Горчаков умер в марте 1883 года, когда люди, впоследствии приведшие к власти Гитлера, были уже взрослыми: Гинденбургу было тридцать семь лет. А Людендорфу восемнадцать. Бисмарк, мучимый «кошмаром коалиций», пережил Горчакова на шестнадцать лет. Корону германского императора носил теперь Вильгельм II, и канцлер видел, что сухорукий кайзер затевает мировую бойню… Бисмарк в рейхстаге предостерегал:
— Германия непобедима лишь до тех пор, пока она не трогает русского медведя в его берлоге. Не забывайте, что у нас бьется только одно сердце — Берлин, а русские имеют два сердца — Москву и Петербург… Будем же мудры: побережем кости наших славных померанских гренадеров! А если мировая война все же возникнет, то в конце ее ни один из немцев, отупевших от крови, не будет уже в состоянии понимать, ЗА ЧТО ОН СРАЖАЛСЯ…
Затем последовала отставка — неизбежная, как и война!
Ленин писал, что Бисмарк по-своему, по-юнкерски, сделал прогрессивное историческое дело: «объявление Германии было необходимо… Когда не удалось объединение революционное, Бисмарк сделал это контрреволюционно». Глубоко оскорбленный отставкой, похожей на оплеуху, канцлер удалился в свое имение Фридрихсруэ, где днями поглощал крепкие вина, а по ночам делал себе обильные впрыскивания морфия.
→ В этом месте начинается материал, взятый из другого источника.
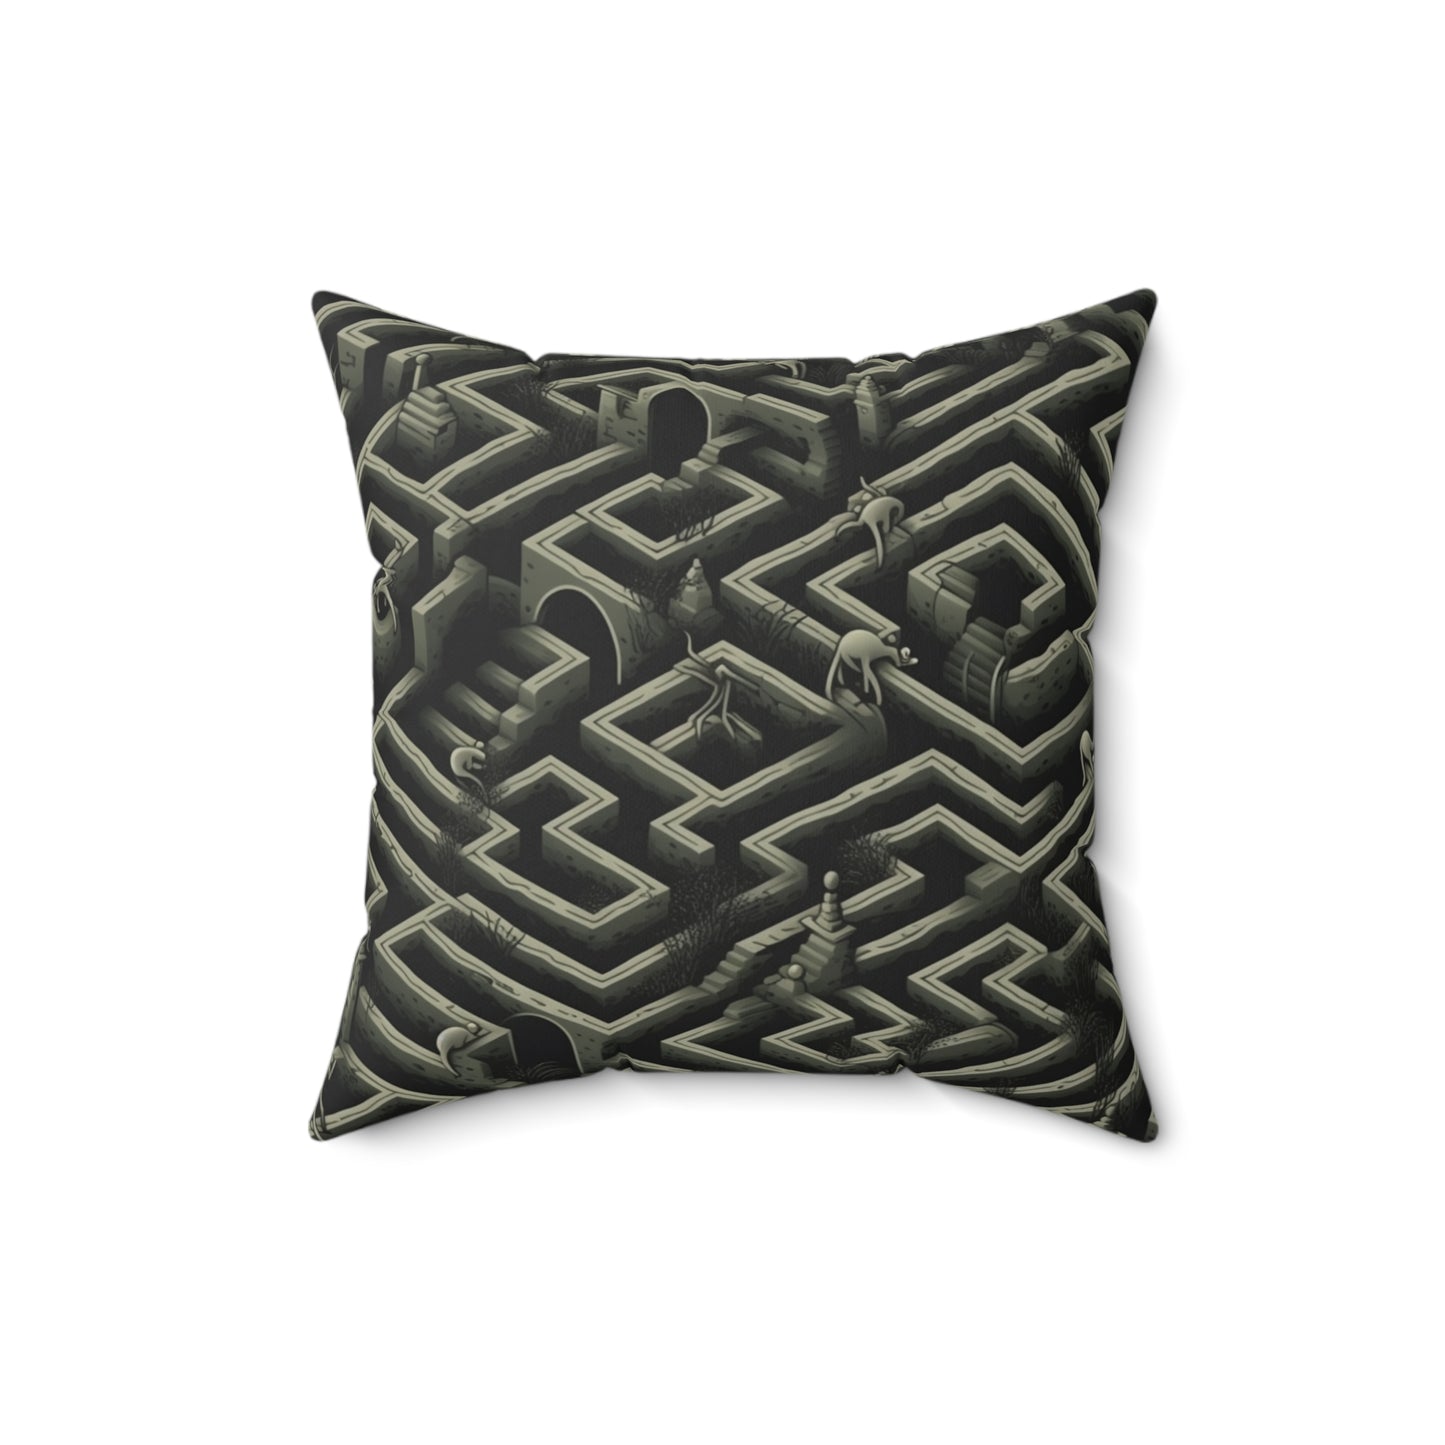 A-Maze-ing Spun Polyester Accent Throw Pillow

Бисмарк почти не спал. Однако голова его оставалась свежей. Он еще силился отсрочить крах империи, им же созданной, и призывал улучшить отношения с Россией, но ему уже не внимали… В канун смерти Бисмарк вспомнил, что полвека назад Горчаков пророчил во Франкфурте: «Топор революций уже стучит в основании социального дерева!» — русский канцлер умел предвидеть, а выражался образно. Бисмарк еще говорил, что Германия без дружбы с Россией погибнет, а вся его политика (вся!) была построена исключительно с учетом того, что Россия непобедима, если же теперь немцы решили думать о России иначе, то ему оставалось только одно — умереть!
В июле 1898 года он умер, и не было такой газеты в мире, которая бы не отметила эту смерть «крепчайшего дуба германского леса». Начинался XX век — «воистину железный век»! Надвигалась война, которую философски предчувствовал Фридрих Энгельс, говоривший, что короны цезарей покатятся по столичным мостовым и уже не сыщется охотников их подбирать. Так и случилось: Первая мировая война, развязанная кайзером, вдребезги разбила короны трех главнейших династий мира — Романовых, Гогенцоллернов и Габсбургов…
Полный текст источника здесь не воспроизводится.